MATERIAL FOR THIS TASK –

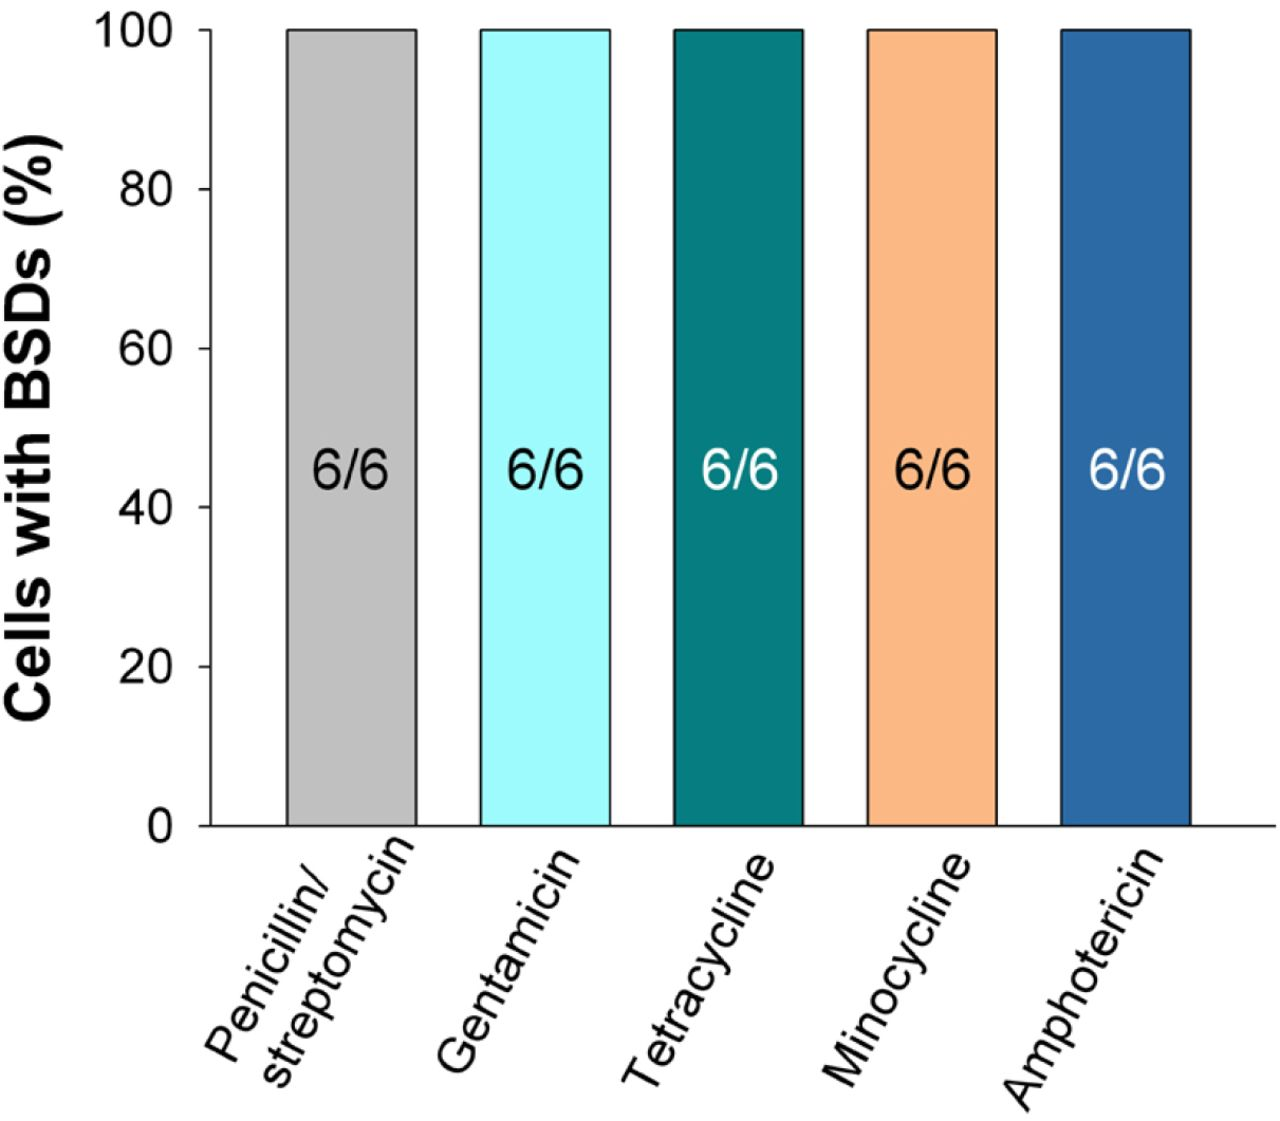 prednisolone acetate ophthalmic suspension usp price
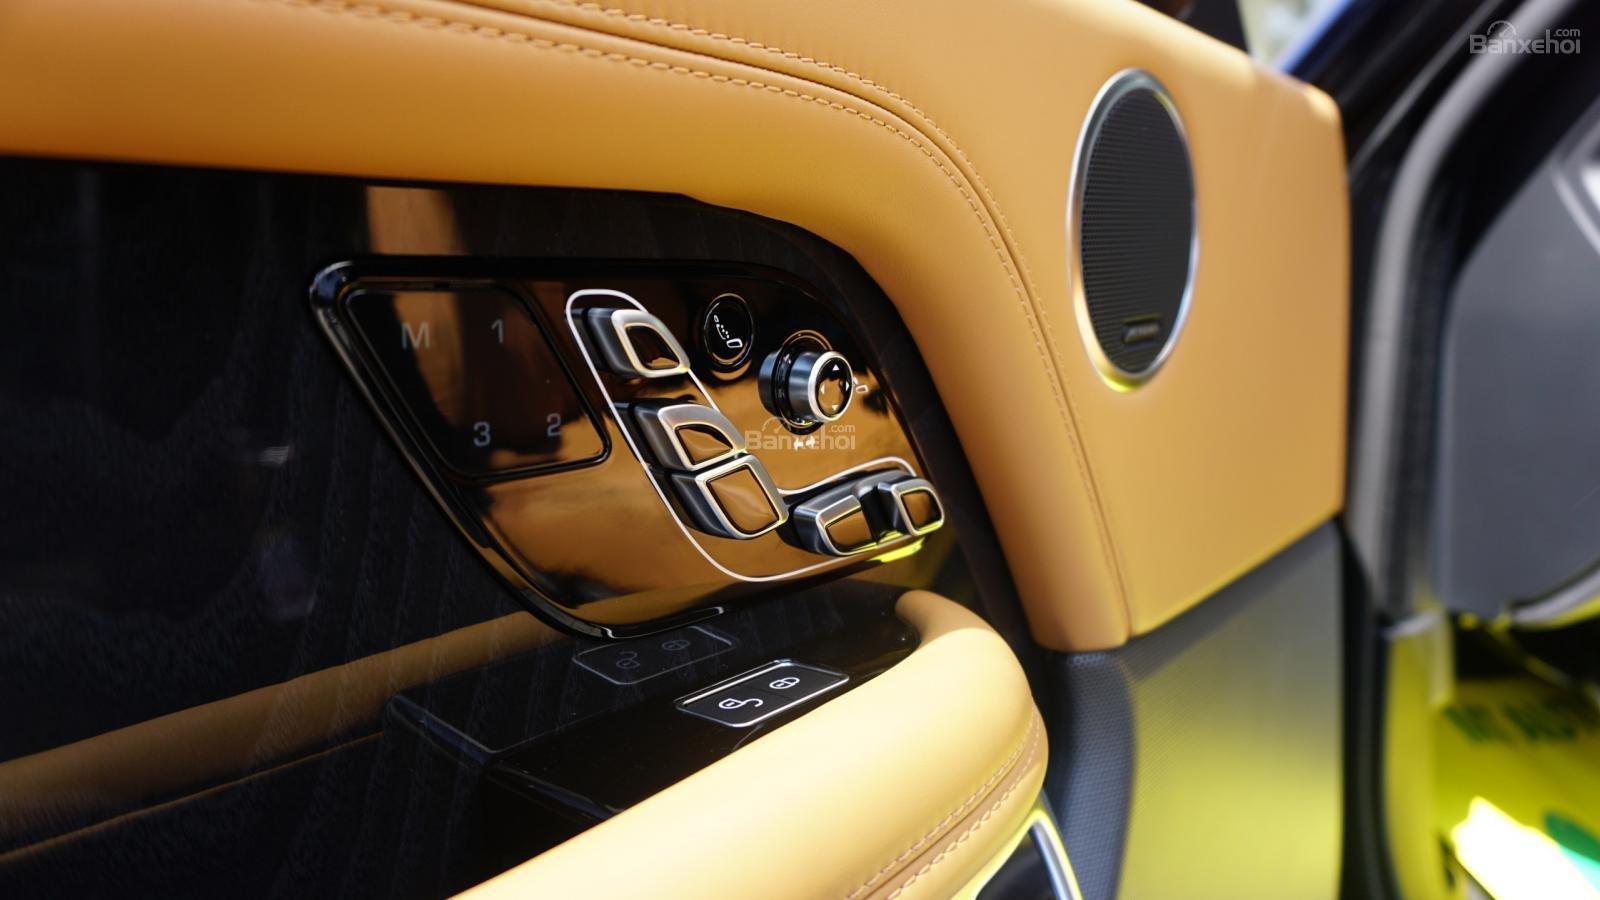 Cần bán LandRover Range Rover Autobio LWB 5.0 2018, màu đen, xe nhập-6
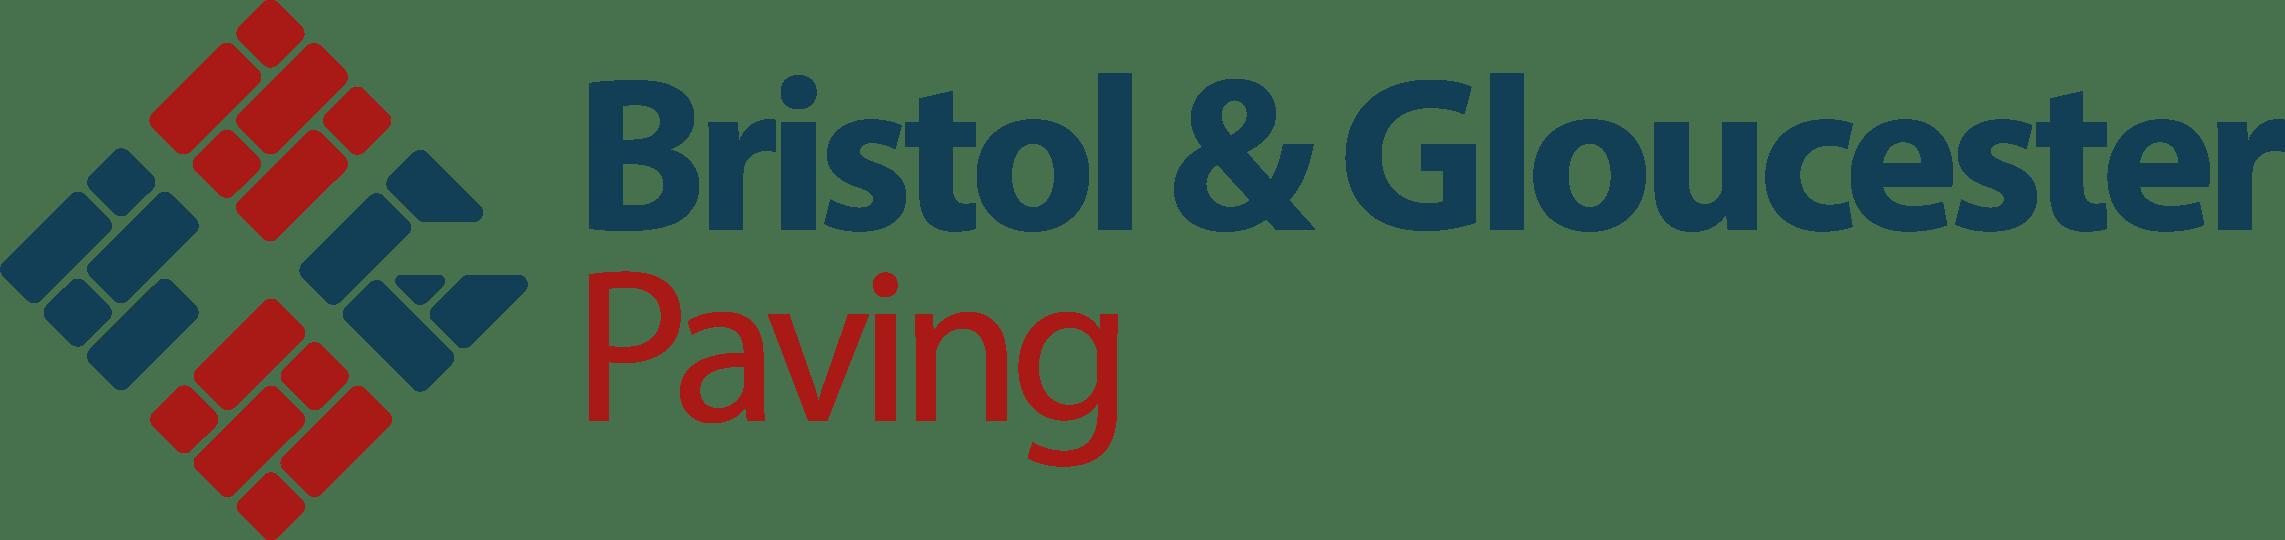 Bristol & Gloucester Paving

==

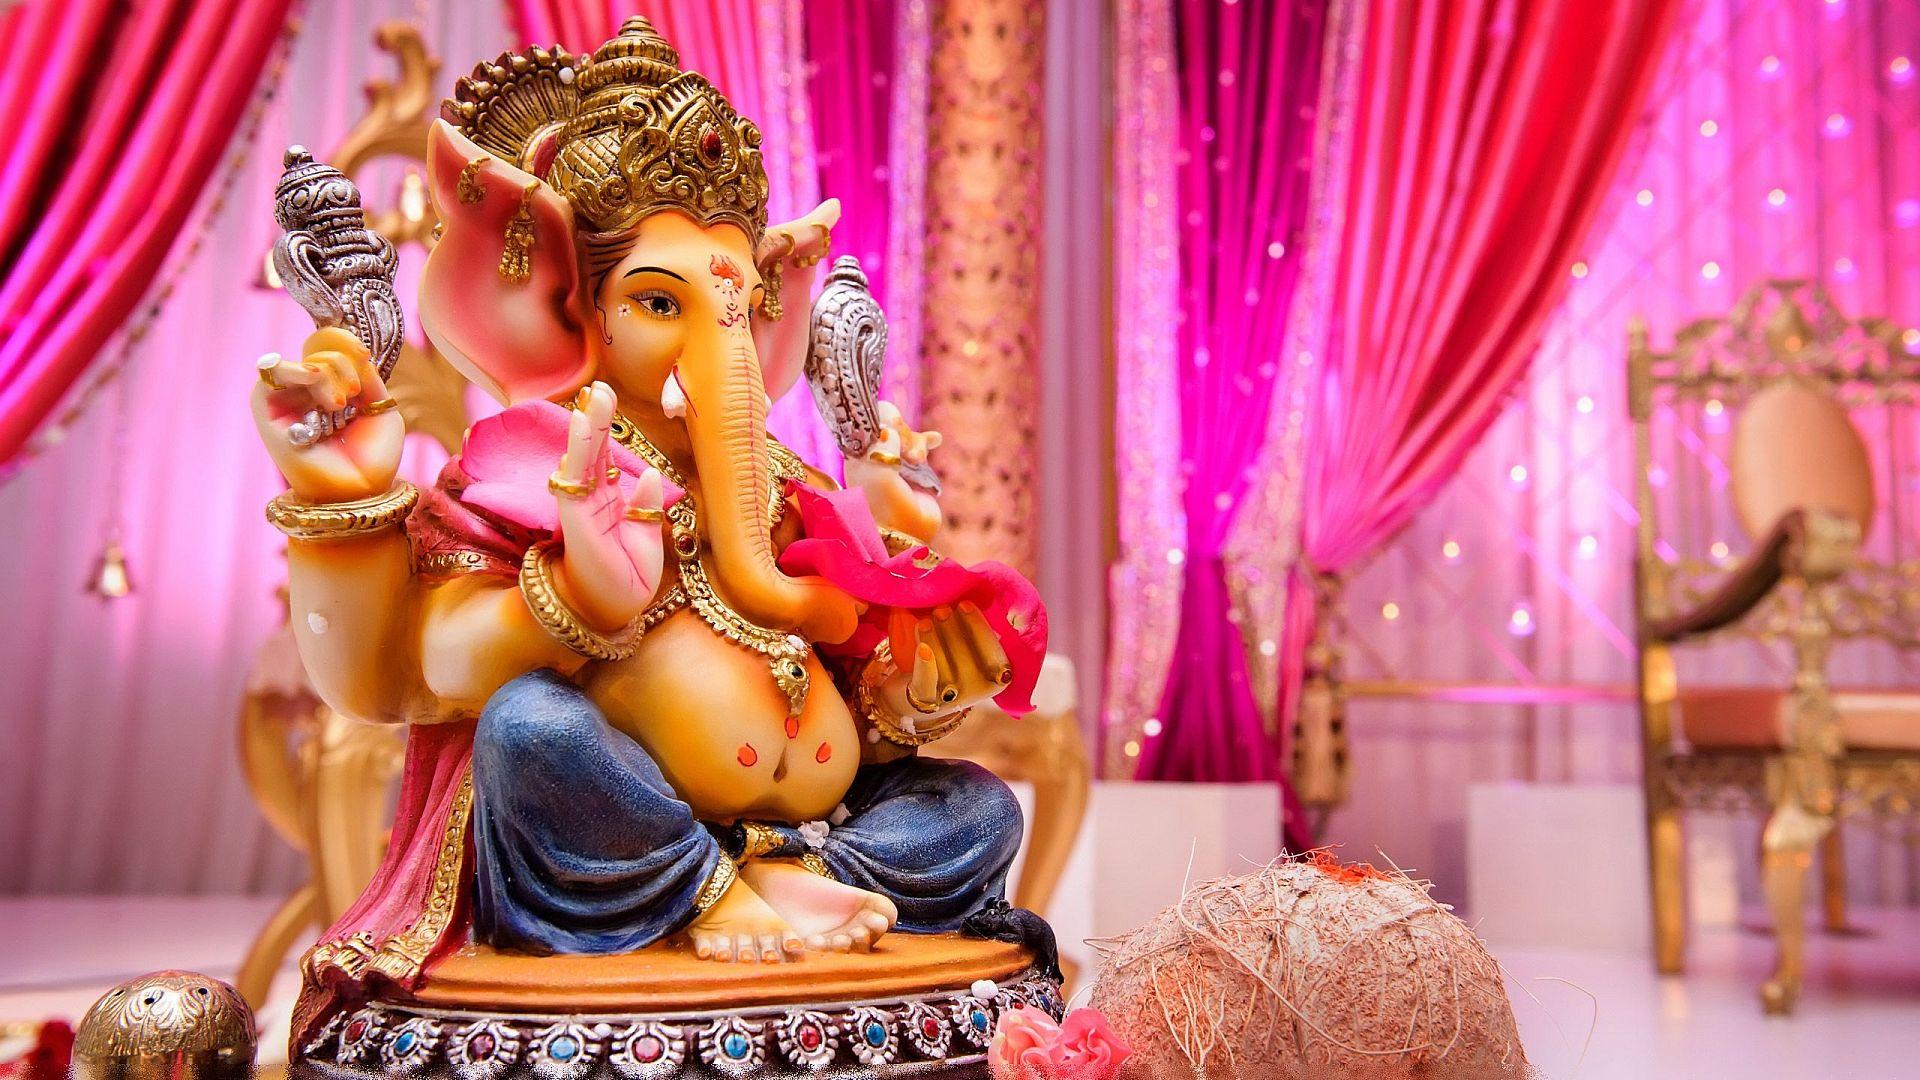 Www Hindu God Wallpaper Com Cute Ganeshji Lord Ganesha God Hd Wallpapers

--

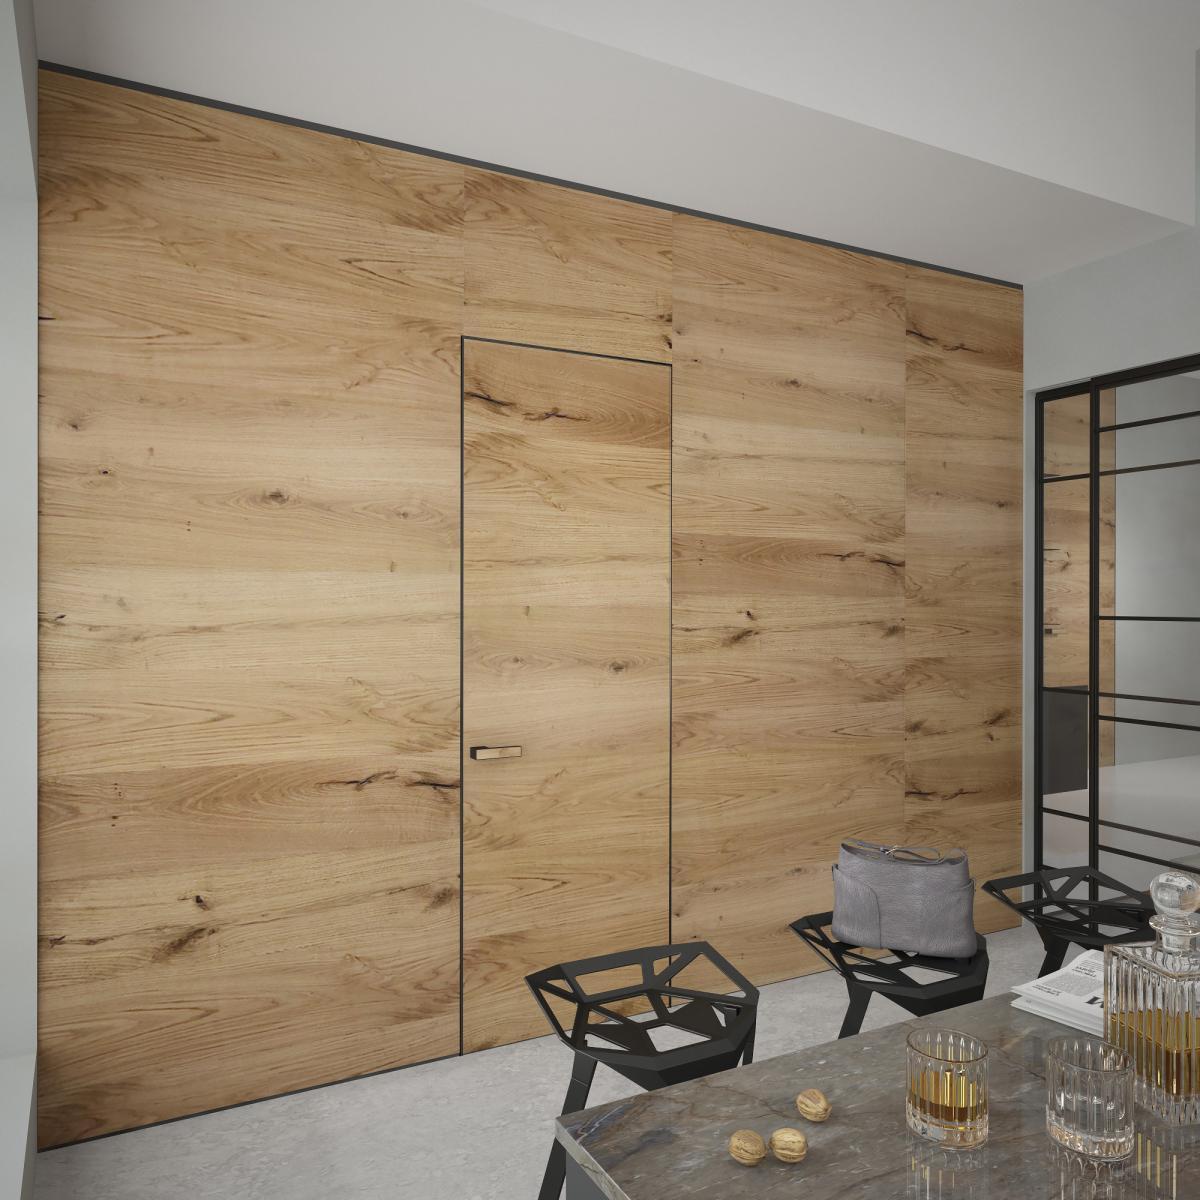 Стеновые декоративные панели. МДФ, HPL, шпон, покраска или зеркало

THE PROBLEM –
Within the listing above, the stretch from the line with "prednisolone acetate ophthalmic" down to the line with "Bristol & Gloucester Paving" is to be given again exactly, end lines included and pictures excluded.

ANSWER SPACE –
 prednisolone acetate ophthalmic suspension usp price
 Cần bán LandRover Range Rover Autobio LWB 5.0 2018, màu đen, xe nhập-6
 Bristol & Gloucester Paving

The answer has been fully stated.